→ PROBLEM TO SOLVE
Scan the data below. Pull out each line where "Vintage" occurs.

============

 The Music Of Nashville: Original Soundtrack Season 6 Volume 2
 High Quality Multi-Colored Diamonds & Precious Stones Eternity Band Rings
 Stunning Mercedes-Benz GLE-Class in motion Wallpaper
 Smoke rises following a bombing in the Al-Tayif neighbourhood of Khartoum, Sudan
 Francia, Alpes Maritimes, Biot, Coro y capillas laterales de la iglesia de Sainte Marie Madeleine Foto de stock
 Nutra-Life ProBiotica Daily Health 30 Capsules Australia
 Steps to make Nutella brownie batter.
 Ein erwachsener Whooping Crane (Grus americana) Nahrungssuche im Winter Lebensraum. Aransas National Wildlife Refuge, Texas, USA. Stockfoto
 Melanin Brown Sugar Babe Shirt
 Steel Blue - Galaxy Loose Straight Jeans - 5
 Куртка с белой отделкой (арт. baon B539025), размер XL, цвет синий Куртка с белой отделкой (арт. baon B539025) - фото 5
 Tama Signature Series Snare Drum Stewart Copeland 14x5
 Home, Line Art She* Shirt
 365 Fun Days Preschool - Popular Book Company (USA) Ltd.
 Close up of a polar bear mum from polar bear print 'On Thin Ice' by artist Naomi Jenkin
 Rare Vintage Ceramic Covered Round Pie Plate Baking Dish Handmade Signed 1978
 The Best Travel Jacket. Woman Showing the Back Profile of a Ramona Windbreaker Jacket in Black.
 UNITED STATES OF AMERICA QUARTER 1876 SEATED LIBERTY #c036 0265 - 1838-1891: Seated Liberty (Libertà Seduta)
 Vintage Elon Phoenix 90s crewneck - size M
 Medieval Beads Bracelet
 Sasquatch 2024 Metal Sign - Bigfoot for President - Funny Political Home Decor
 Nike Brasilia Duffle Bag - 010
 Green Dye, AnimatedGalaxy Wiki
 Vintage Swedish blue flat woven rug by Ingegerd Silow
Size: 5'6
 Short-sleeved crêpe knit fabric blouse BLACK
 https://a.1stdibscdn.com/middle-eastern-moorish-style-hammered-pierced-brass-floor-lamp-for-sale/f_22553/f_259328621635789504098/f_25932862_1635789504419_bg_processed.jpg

============

→ ANSWER BOX
 Rare Vintage Ceramic Covered Round Pie Plate Baking Dish Handmade Signed 1978
 Vintage Elon Phoenix 90s crewneck - size M
 Vintage Swedish blue flat woven rug by Ingegerd Silow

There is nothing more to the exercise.